Умер писатель Валентин Распутин. Говорить сакраментальное «с ним ушла эпоха» неуместно: эпоха ушла давно. Большинство писателей круга деревенщиков много лет уже переключились на публицистику самого консервативного толка. До сих пор издаются журналы «Молодая гвардия» и «Наш современник», привечавшие деревенщиков в 60-70 годы, но они практически не выходят за пределы Союза писателей. А начиналась эпоха «деревенской прозы» бурно.

15 лет назад, весной 2000 года, Валентин Распутин получил премию Солженицына. Выступая на церемонии вручения премии своего имени, Александр Исаевич объявил рубеж 70-х годов временем «беззвучного переворота» в советской литературе. «Большая группа писателей стала писать так, как если б никакого соцреализма не было объявлено и диктовано, нейтрализуя его немо, стала писать в простоте, без какого-либо угождения, каждения советскому режиму, как позабыв о нем». Эту группу стали звать деревенщиками.

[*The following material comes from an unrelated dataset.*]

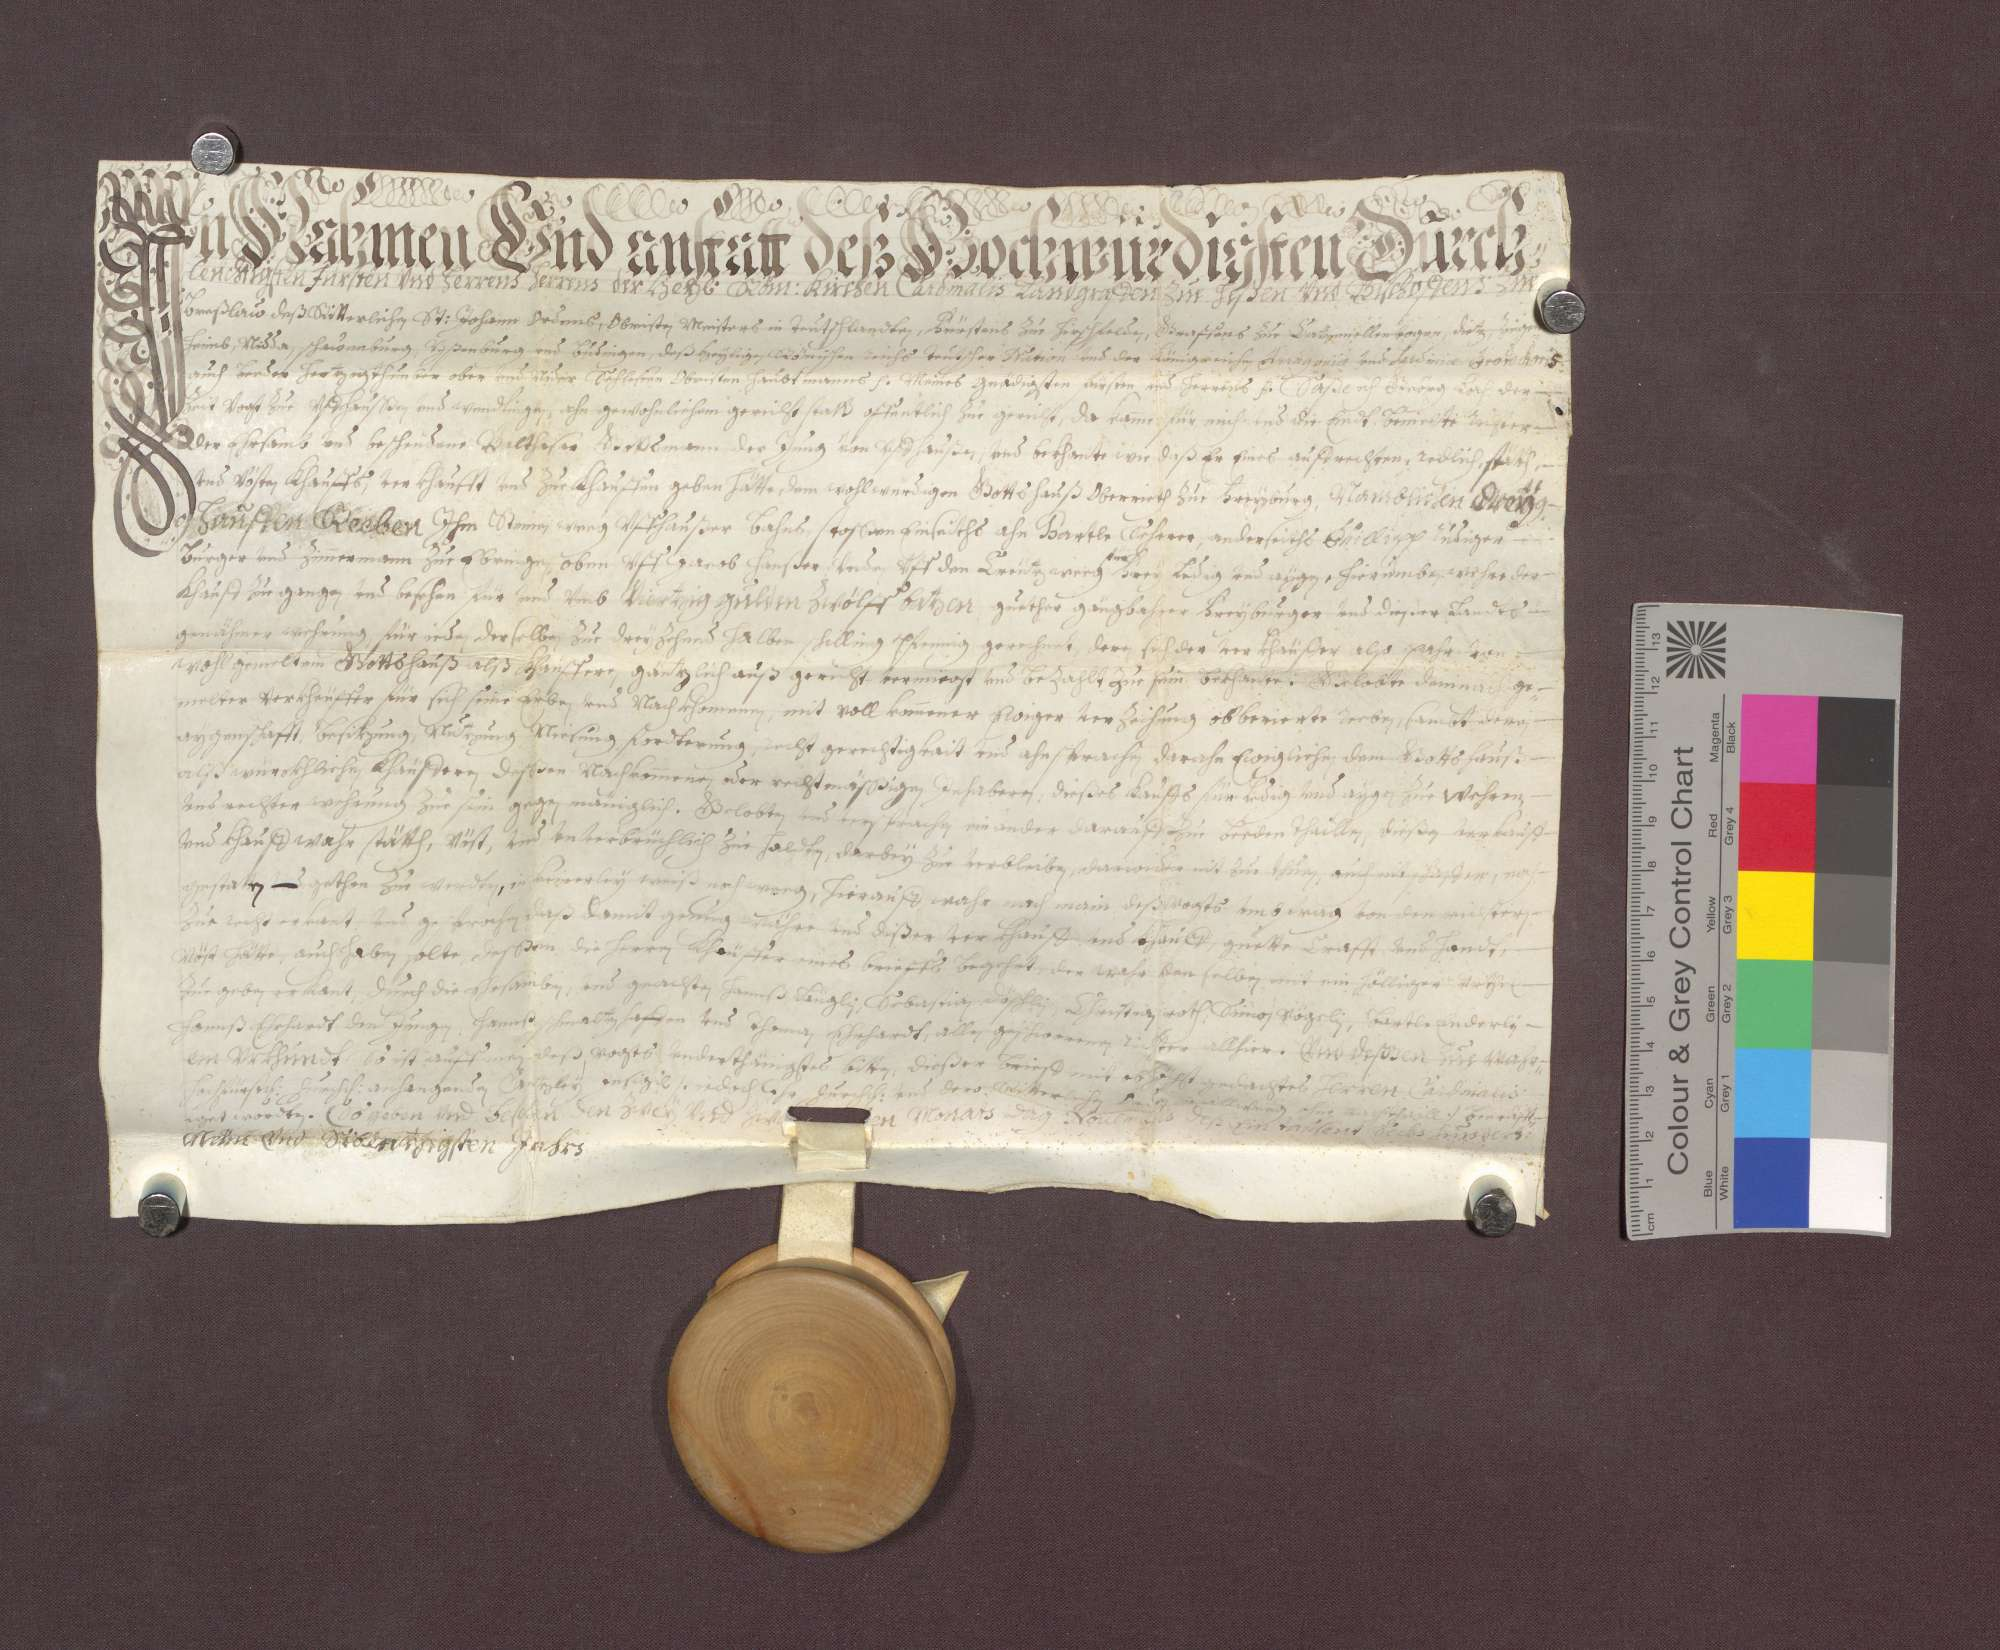 Balthasar Gottsmann verkauft den Wilhelmiten zu Freiburg 3 Haufen Reben im Steinernen Weg zu Uffhausen um 40 Gulden 12 Batzen., Bild 1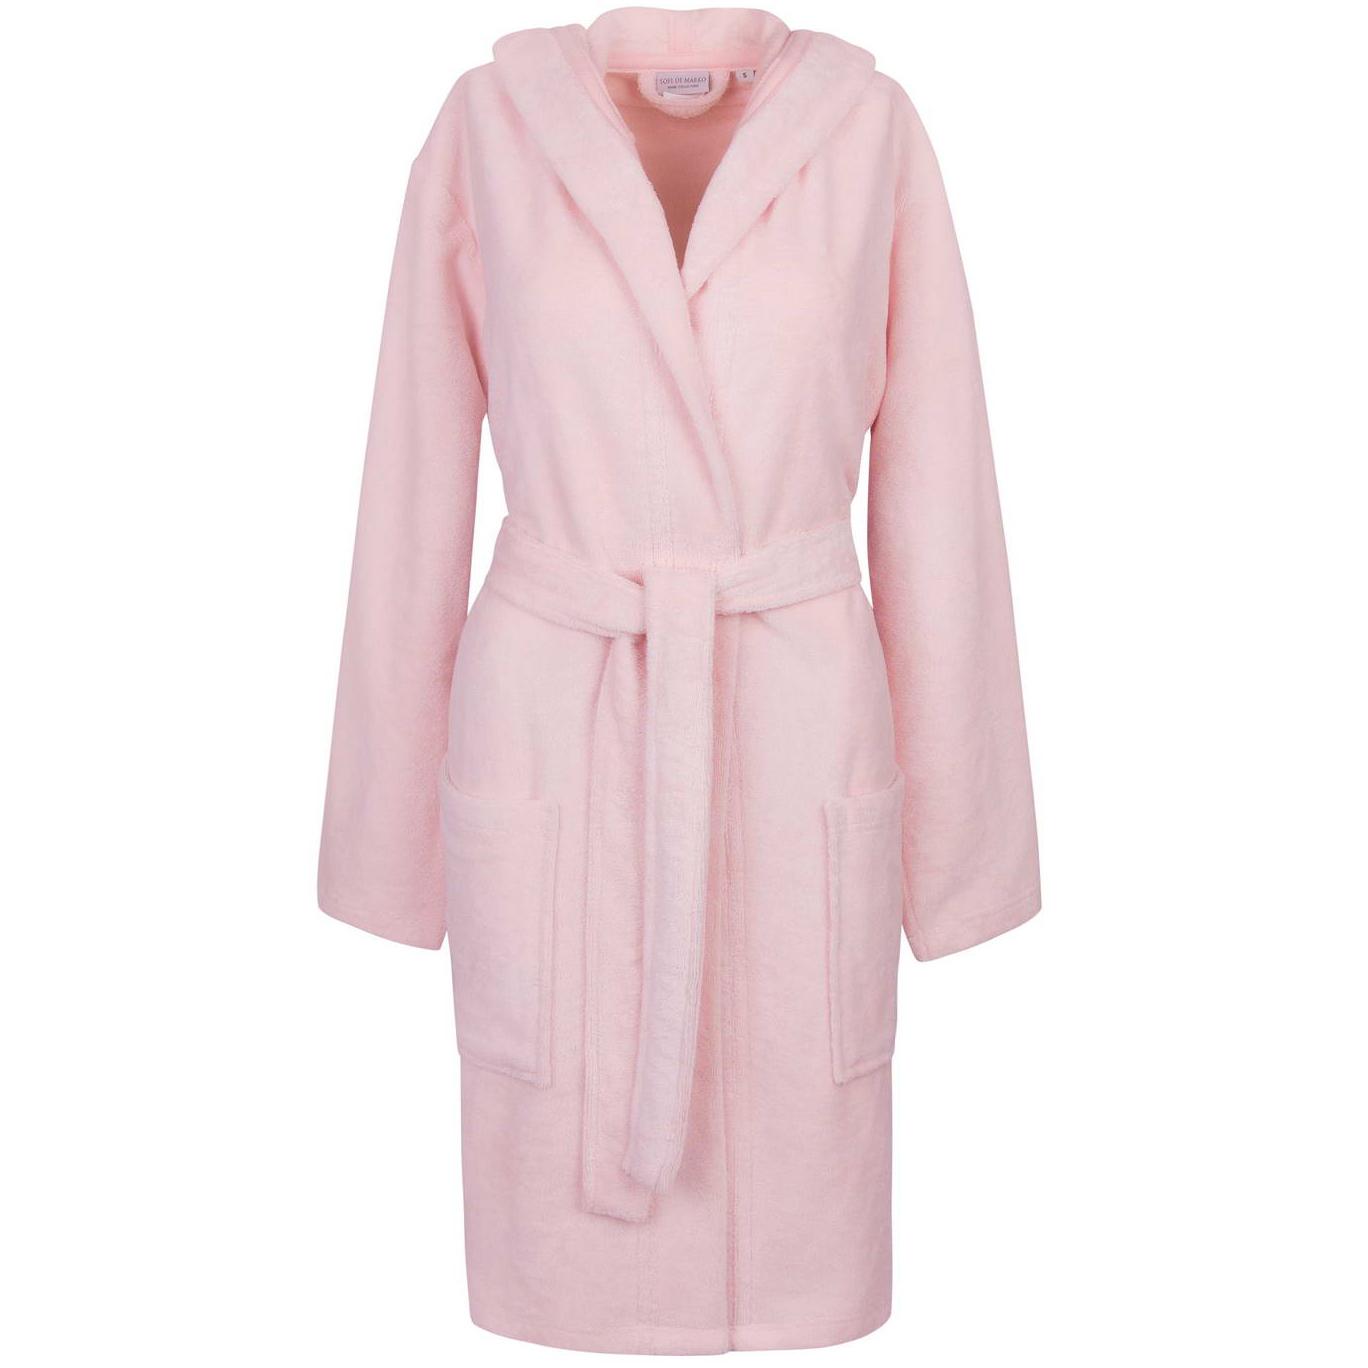 Фото - Халат махровый Sofi De Marko Шанти розовый XL халат махровый sofi de marko шанти бежевый m

Большая часть этой группы действительно происходила из деревень. С московскими литературными кружками они не сочетались ни стилистически, плохо владея декоративными конструкциями языка развитого социализма, ни на бытовом уровне. «Героем в кирзовых сапогах» назвал Василия Шукшина Сергей Залыгин — об этих кондовых сапогах всегда помнили деревенские и не смешивались с городскими. Никаких общих манифестов, однако, деревенские не сочиняли, каждый работал самостоятельно. Сказанное однажды о прозе Виктора Астафьева — «суровая, корявая шершавость звучания» — никак нельзя отнести к Валентину Распутину.

Он моложе большинства своих коллег-деревенщиков. Родился 15 марта 1937 года в селе Аталанка на Ангаре. Учился в Иркутском университете, работал в молодежной газете. Очерки молодого журналиста перерастали в рассказы. Так в 1961 году появилась первая журнальная публикация Распутина — небольшой рассказ «Я забыл спросить у Лешки» в альманахе «Ангара». Через пять лет его перепечатала столичная «Смена».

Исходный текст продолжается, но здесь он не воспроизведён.